Reason Analysis: Why Does Quantization Perform Poorly on Apple Silicon?

Reasons for poor quantization performance on Apple Silicon:

  1. Lack of dedicated kernels: The quanto weight-only quantization scheme has no optimized kernels for the MPS backend; matrix multiplication requires dequantizing weights back to bf16 for computation.
  2. Computational overhead: Step-by-step dequantization causes performance loss, and working memory remains at bf16 size—no speed or memory advantages.
  3. Additional int4 burden: Relies on C++ extensions that run partially on the CPU, further slowing down speed.
6

Section 06

Practical Recommendations and Benchmark Insights

Recommendations for Apple Silicon Users:

  • If the model can fit in memory with bf16, prioritize bf16.
  • Use quanto quantization only to run models that can't fit in memory—not to speed up models that already run.
  • Don't quantize blindly; actual measurement is more important. Benchmark Insights:
  • Cross-platform comparisons need caution; backend implementation details affect performance.
  • Memory measurement methods are inconsistent; there are implementation differences behind the numbers.
  • The value of open-source benchmarks lies in reproducible real data, not leaderboard scores.
7

Section 07

Project Technical Details: Supported Models and Runtime Environment

Supported Models: Default is HuggingFaceTB/SmolLM2-1.7B-Instruct; alternative is Qwen/Qwen2.5-1.5B-Instruct.
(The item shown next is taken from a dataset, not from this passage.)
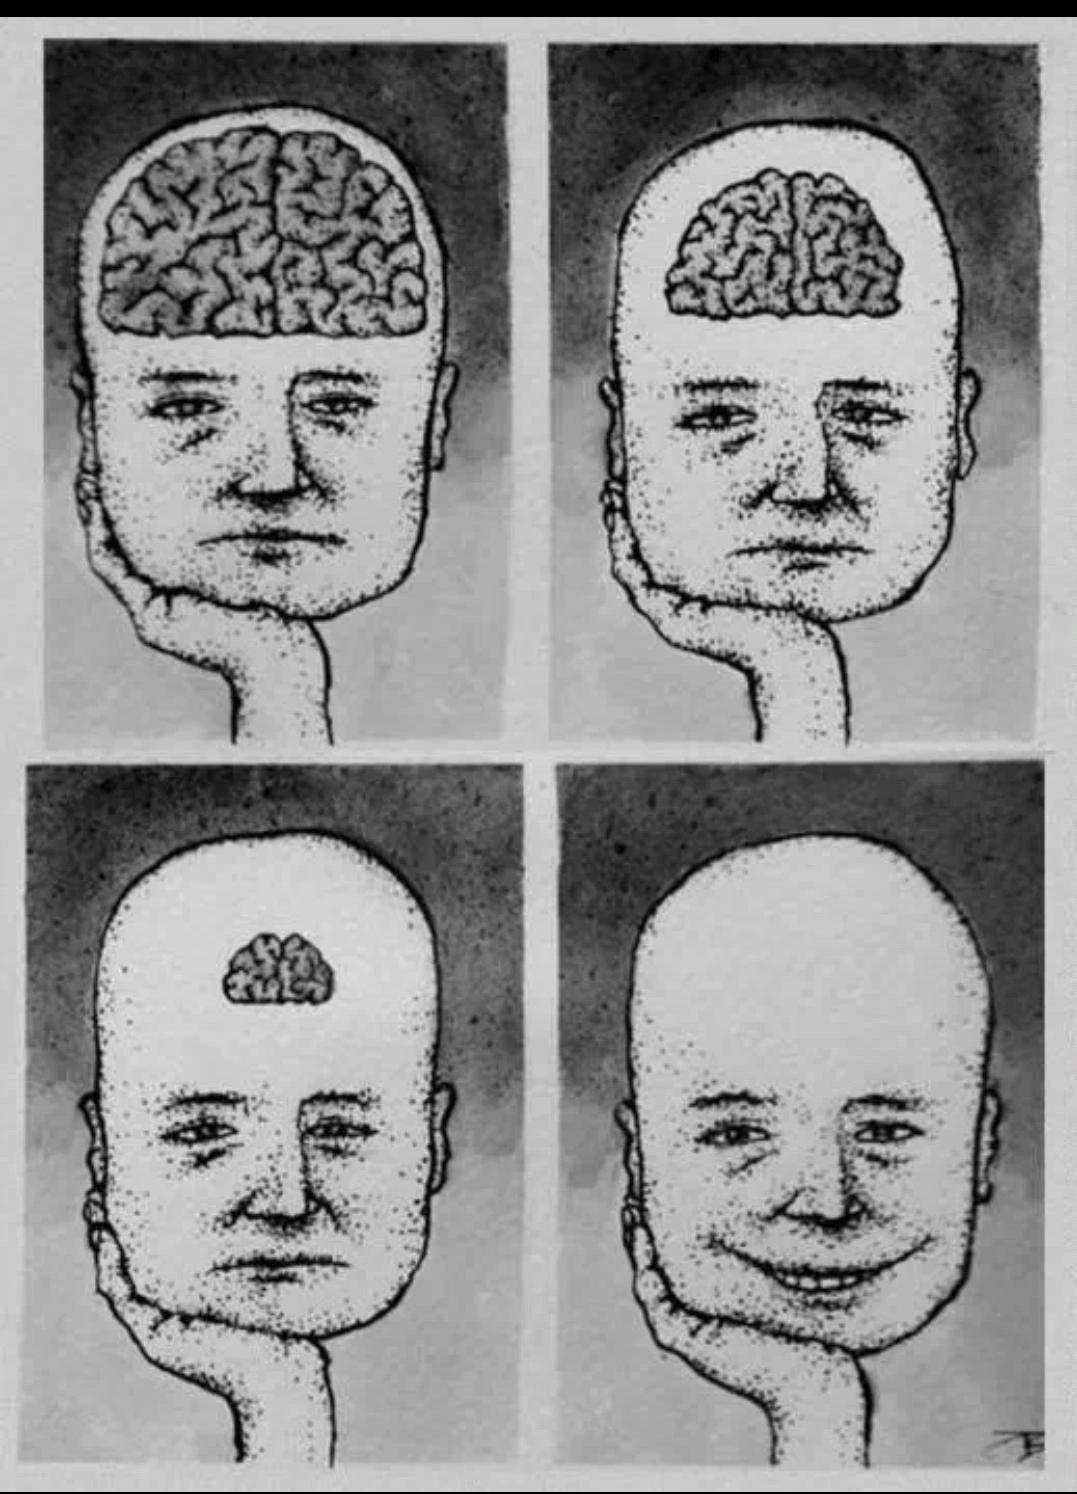 Именинами марины, нет мозга прикольные картинки

Runtime Environment: Python3.13, PyTorch2.12.0, Transformers5.11.0, optimum-quanto0.2.7. Configuration Flexibility: Default parameters are configured via TOML files, which can be overridden via command line; available backends are detected automatically.

8

Section 08

Conclusion: The Value of Honest Measurement and Project Significance

The transformers-laptop-bench project not only provides a practical benchmark tool but also demonstrates the value of honest measurement in machine learning engineering:

  1. Platform differences are critical; CUDA optimization strategies may not apply to other platforms.
  2. Performance optimization needs to be based on actual data, not theoretical inference.
  3. Transparent methodology is more important than pretty numbers. This project provides a reliable starting point for developers running LLMs locally, helping them make data-driven hardware and configuration decisions.